• _Exercise details_:
Exclude every picture. Output verbatim the lines from the one containing "SAH, Vestre Toten" to the end of the data.

Dataset excerpt below:

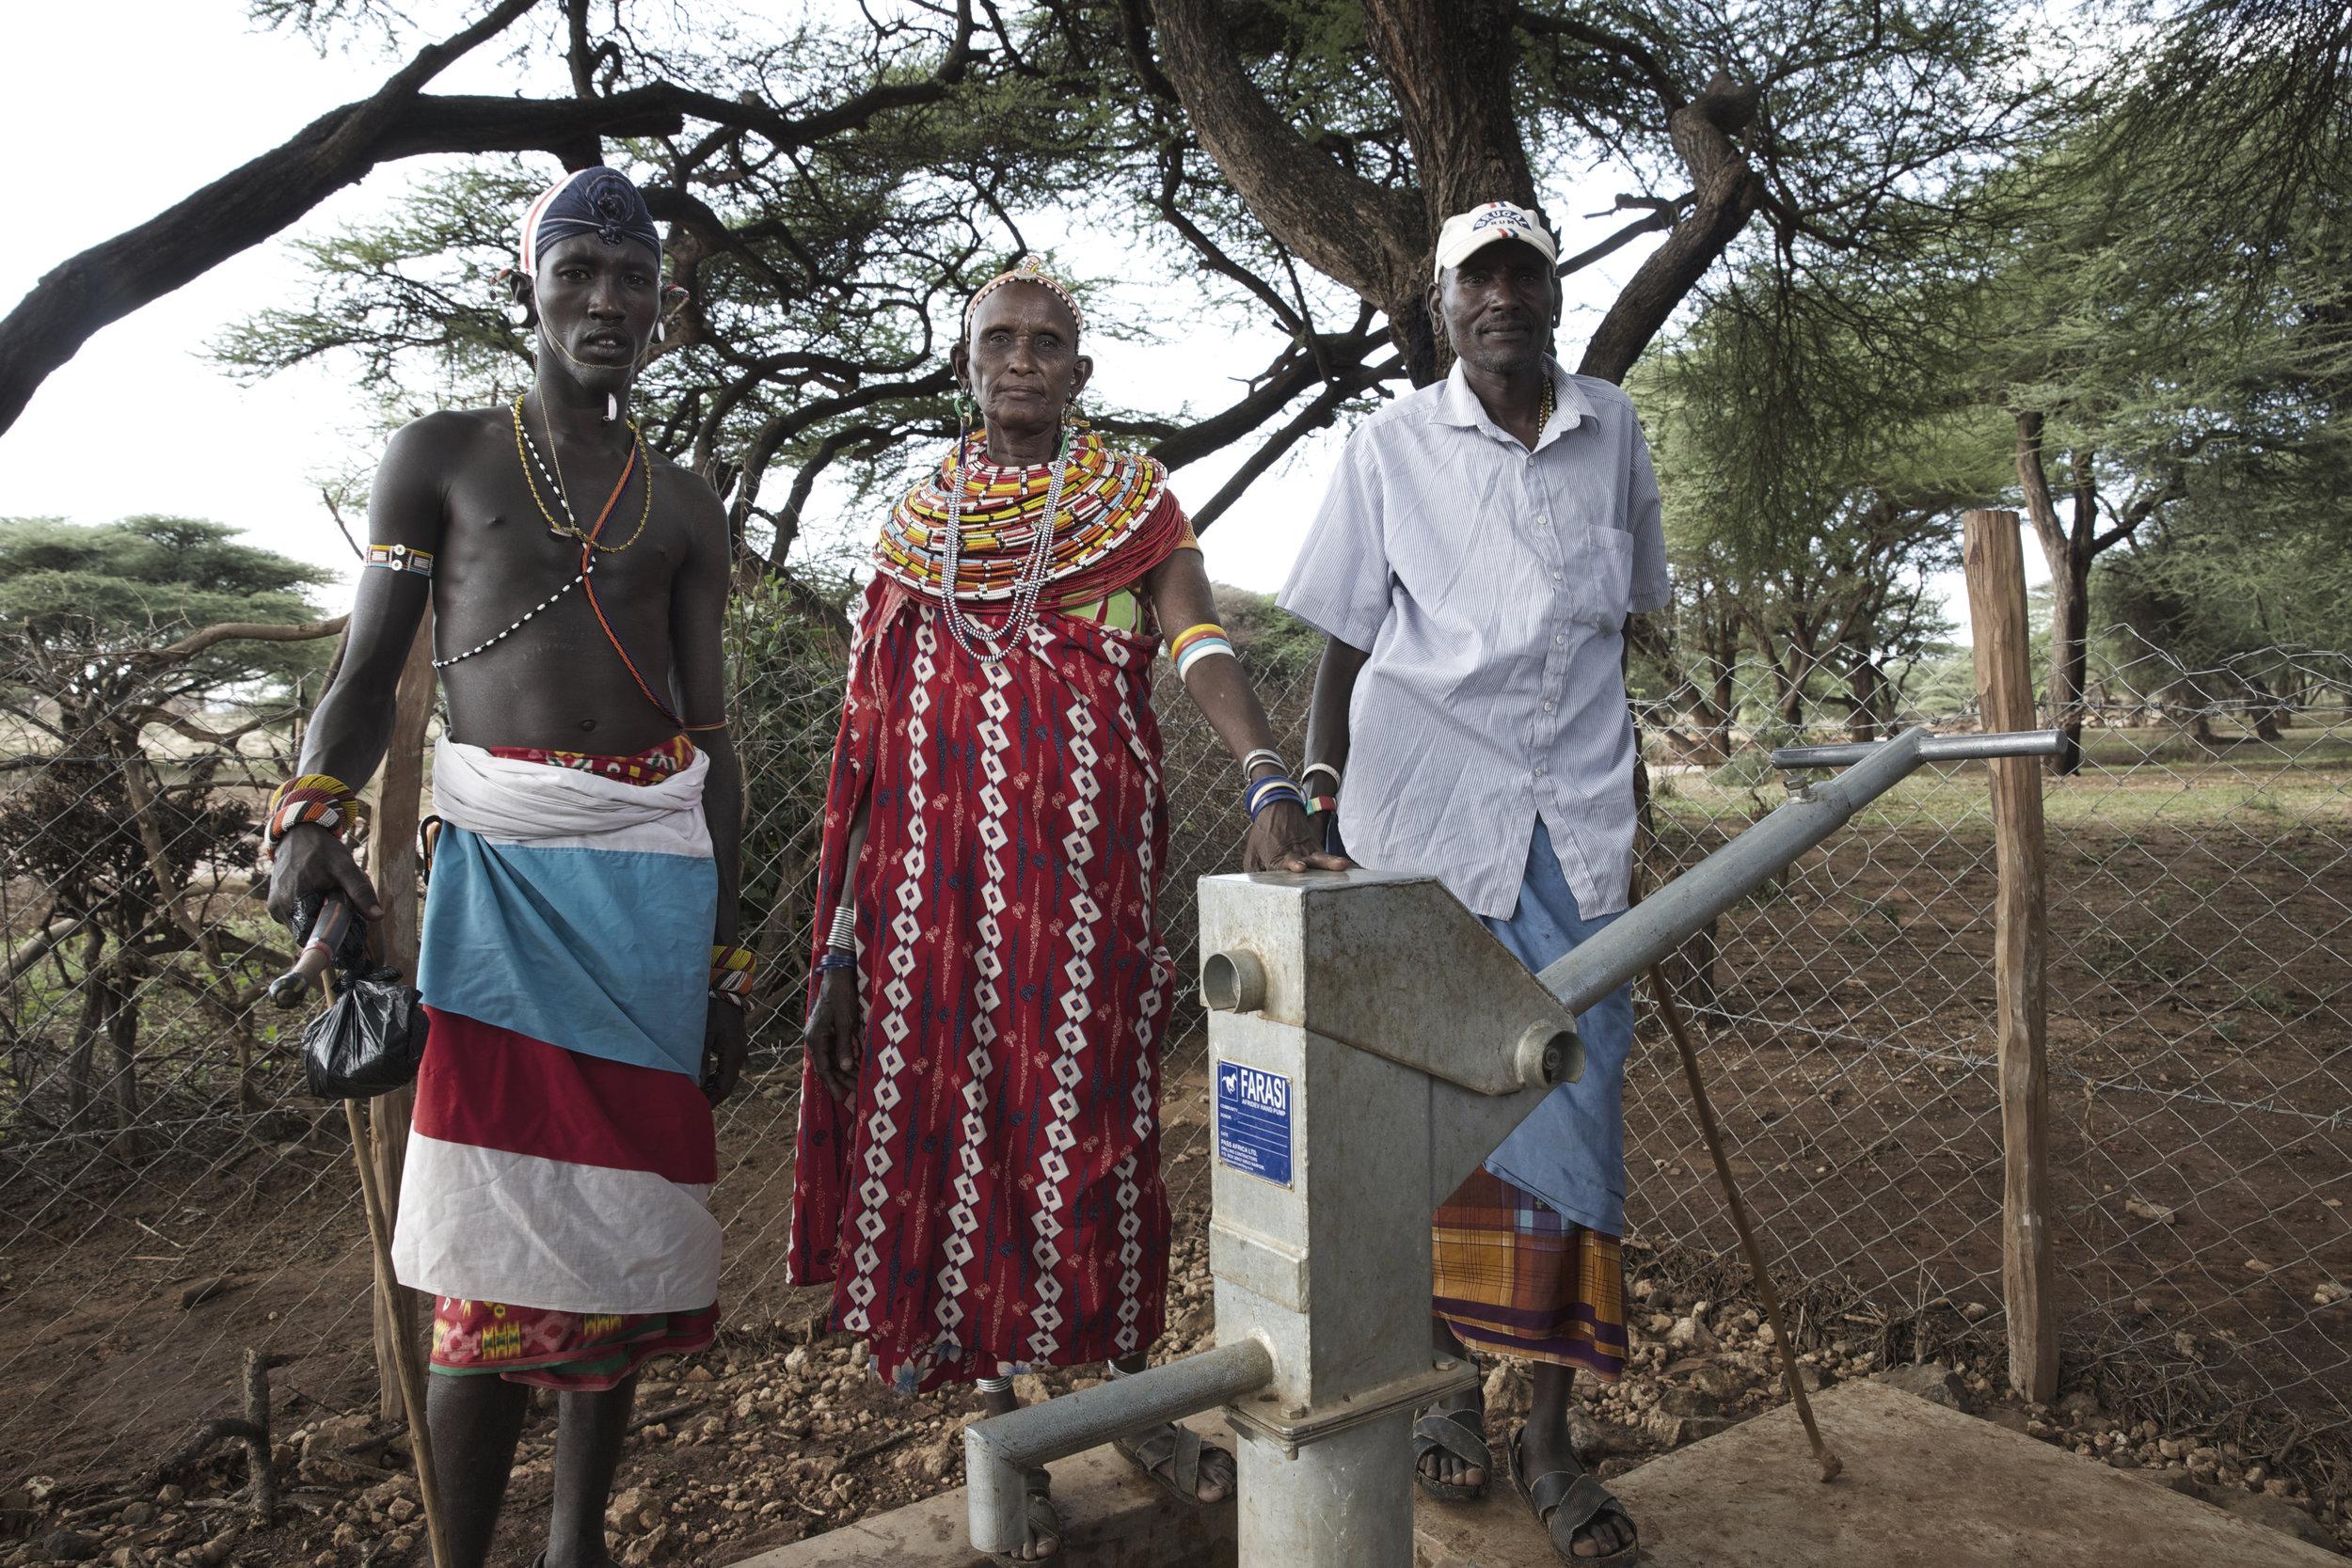 Community Leaders by water well, Samburu Kenya Africa
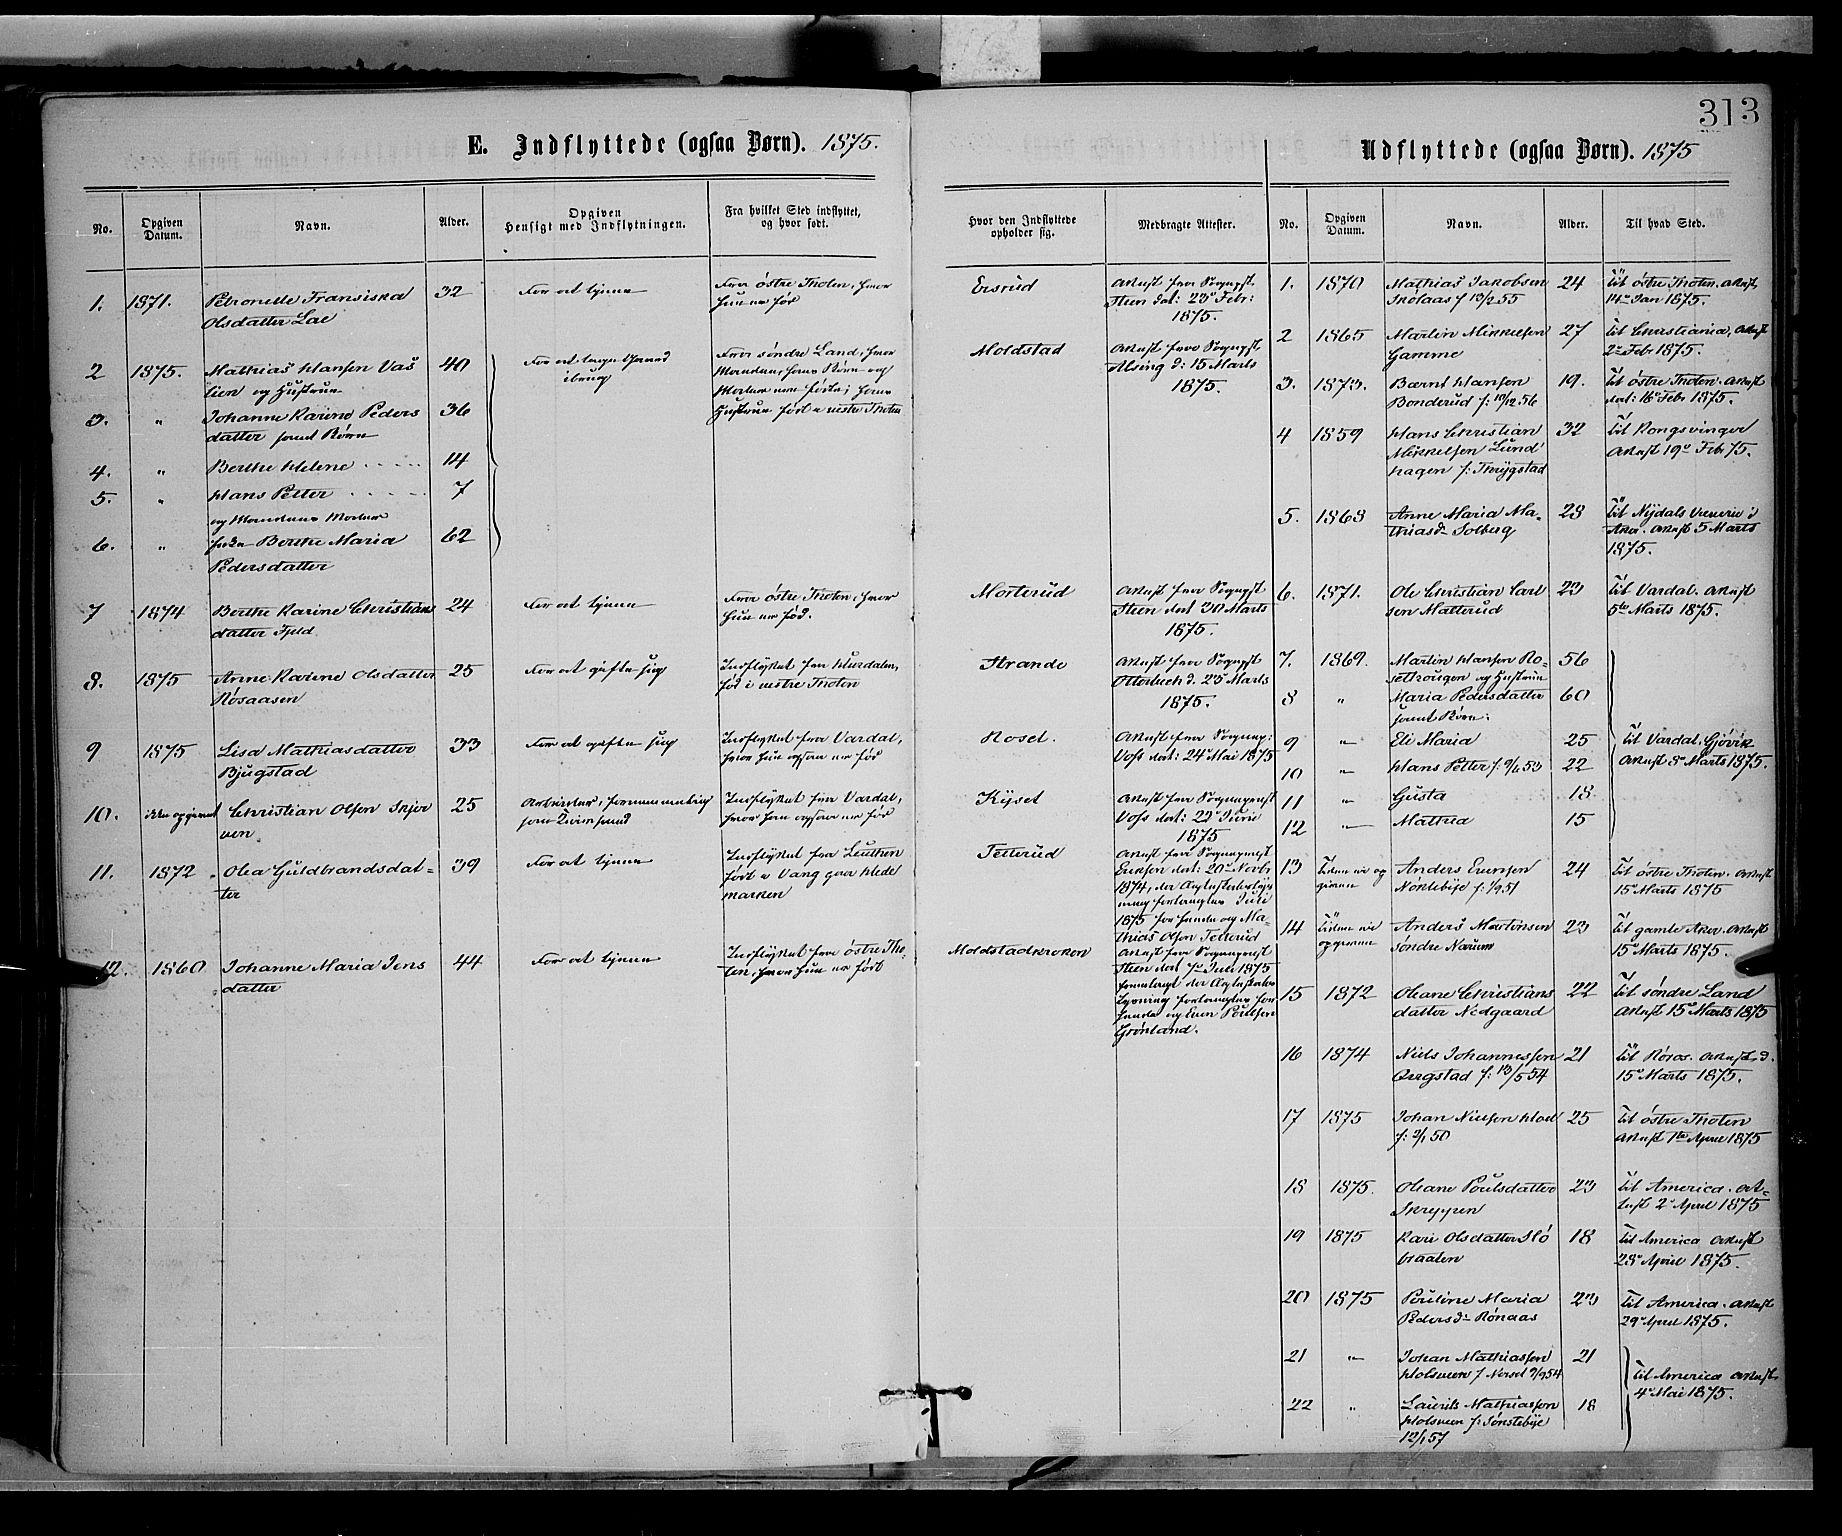 SAH, Vestre Toten prestekontor, H/Ha/Haa/L0008: Ministerialbok nr. 8, 1870-1877, s. 313
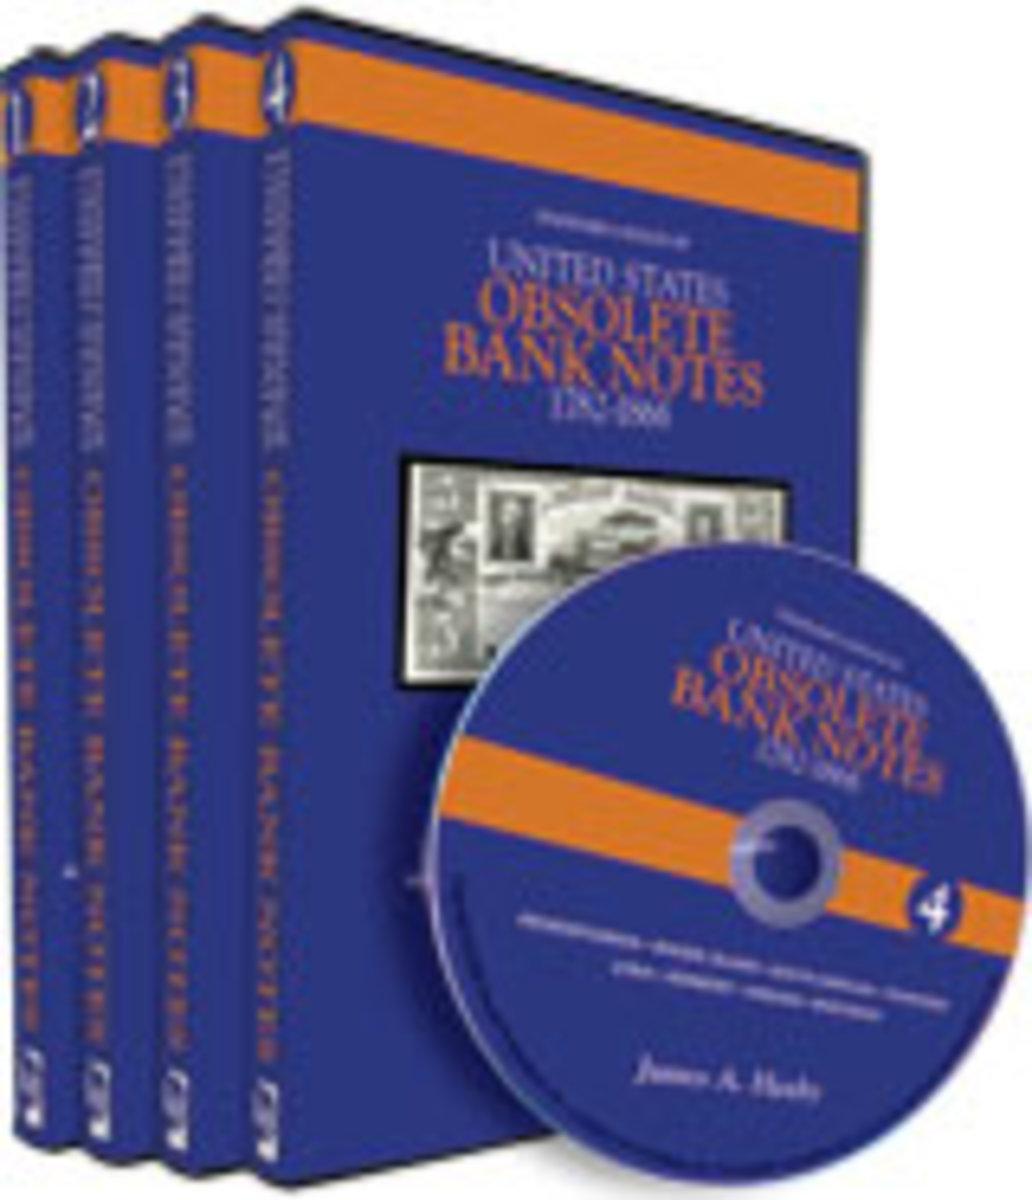 Standard Catalog of United States Obsolete Bank Notes 4-CD Set
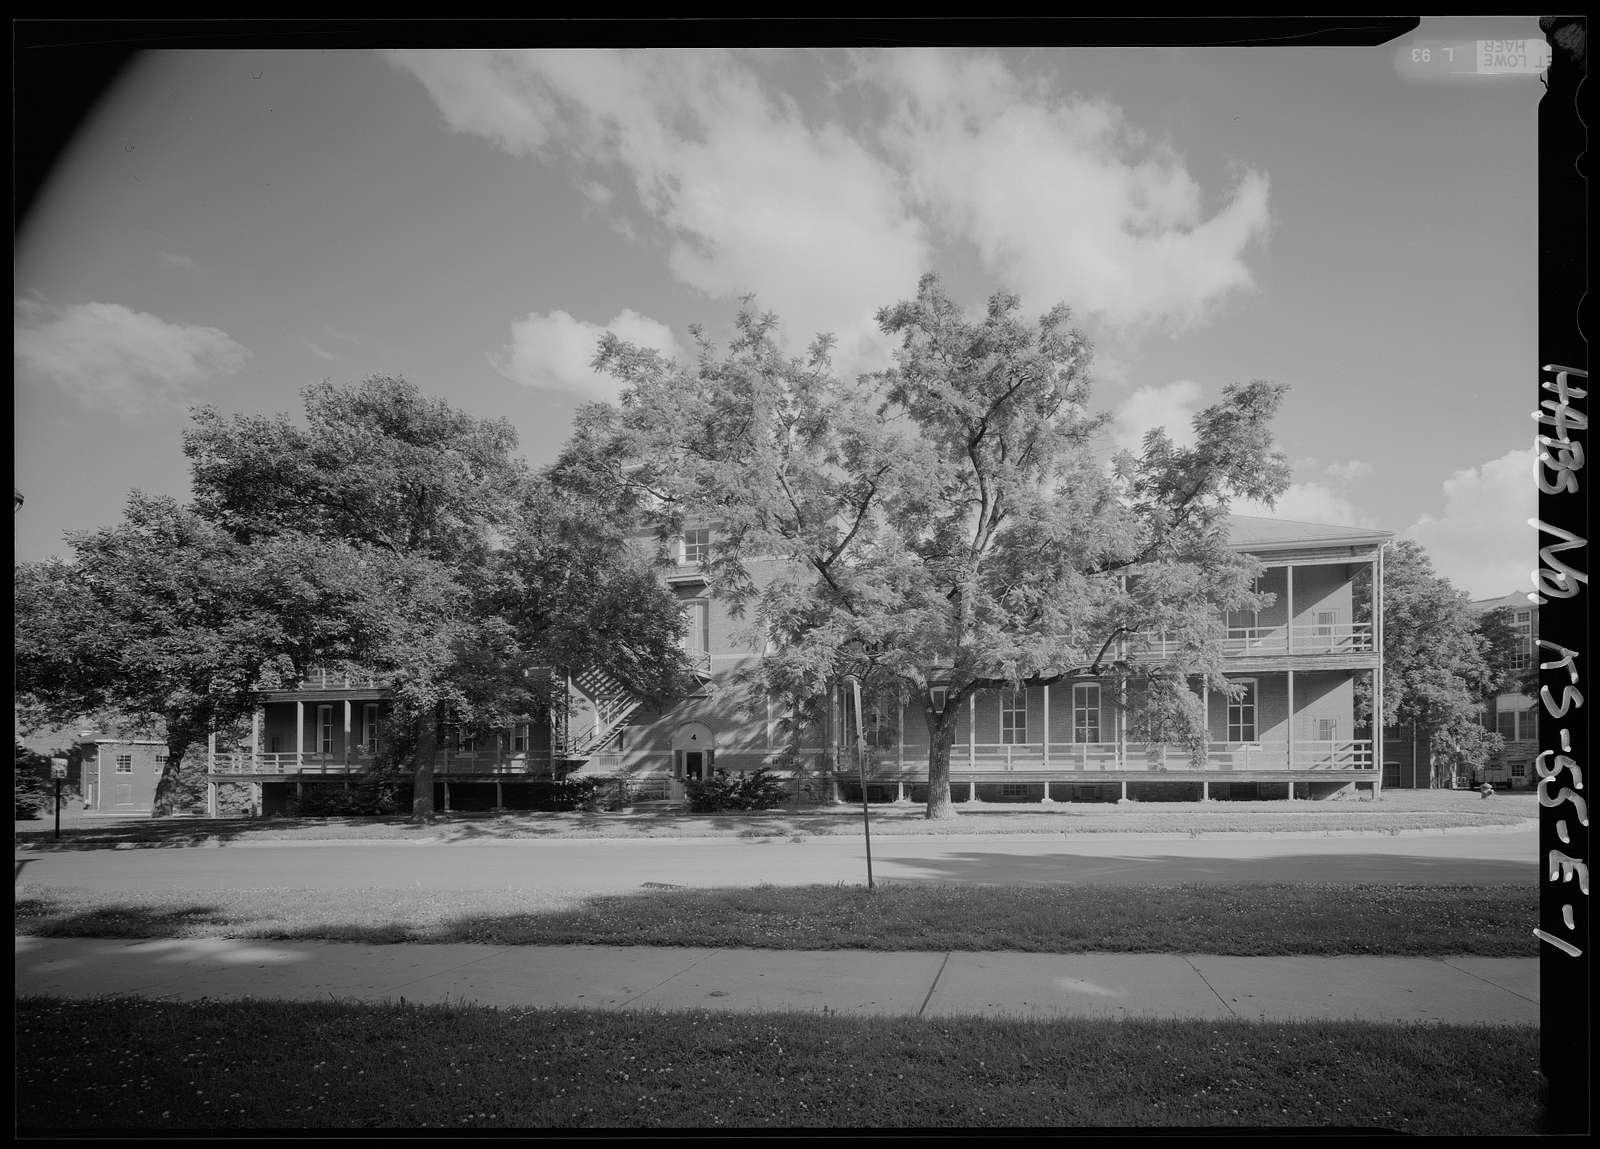 National Home for Disabled Volunteer Soldiers, Western Branch, Barracks, Franklin Avenue, Leavenworth, Leavenworth County, KS

End of Dataset excerpt.

• _The completed task_:
 SAH, Vestre Toten prestekontor, H/Ha/Haa/L0008: Ministerialbok nr. 8, 1870-1877, s. 313
 Standard Catalog of United States Obsolete Bank Notes 4-CD Set
 National Home for Disabled Volunteer Soldiers, Western Branch, Barracks, Franklin Avenue, Leavenworth, Leavenworth County, KS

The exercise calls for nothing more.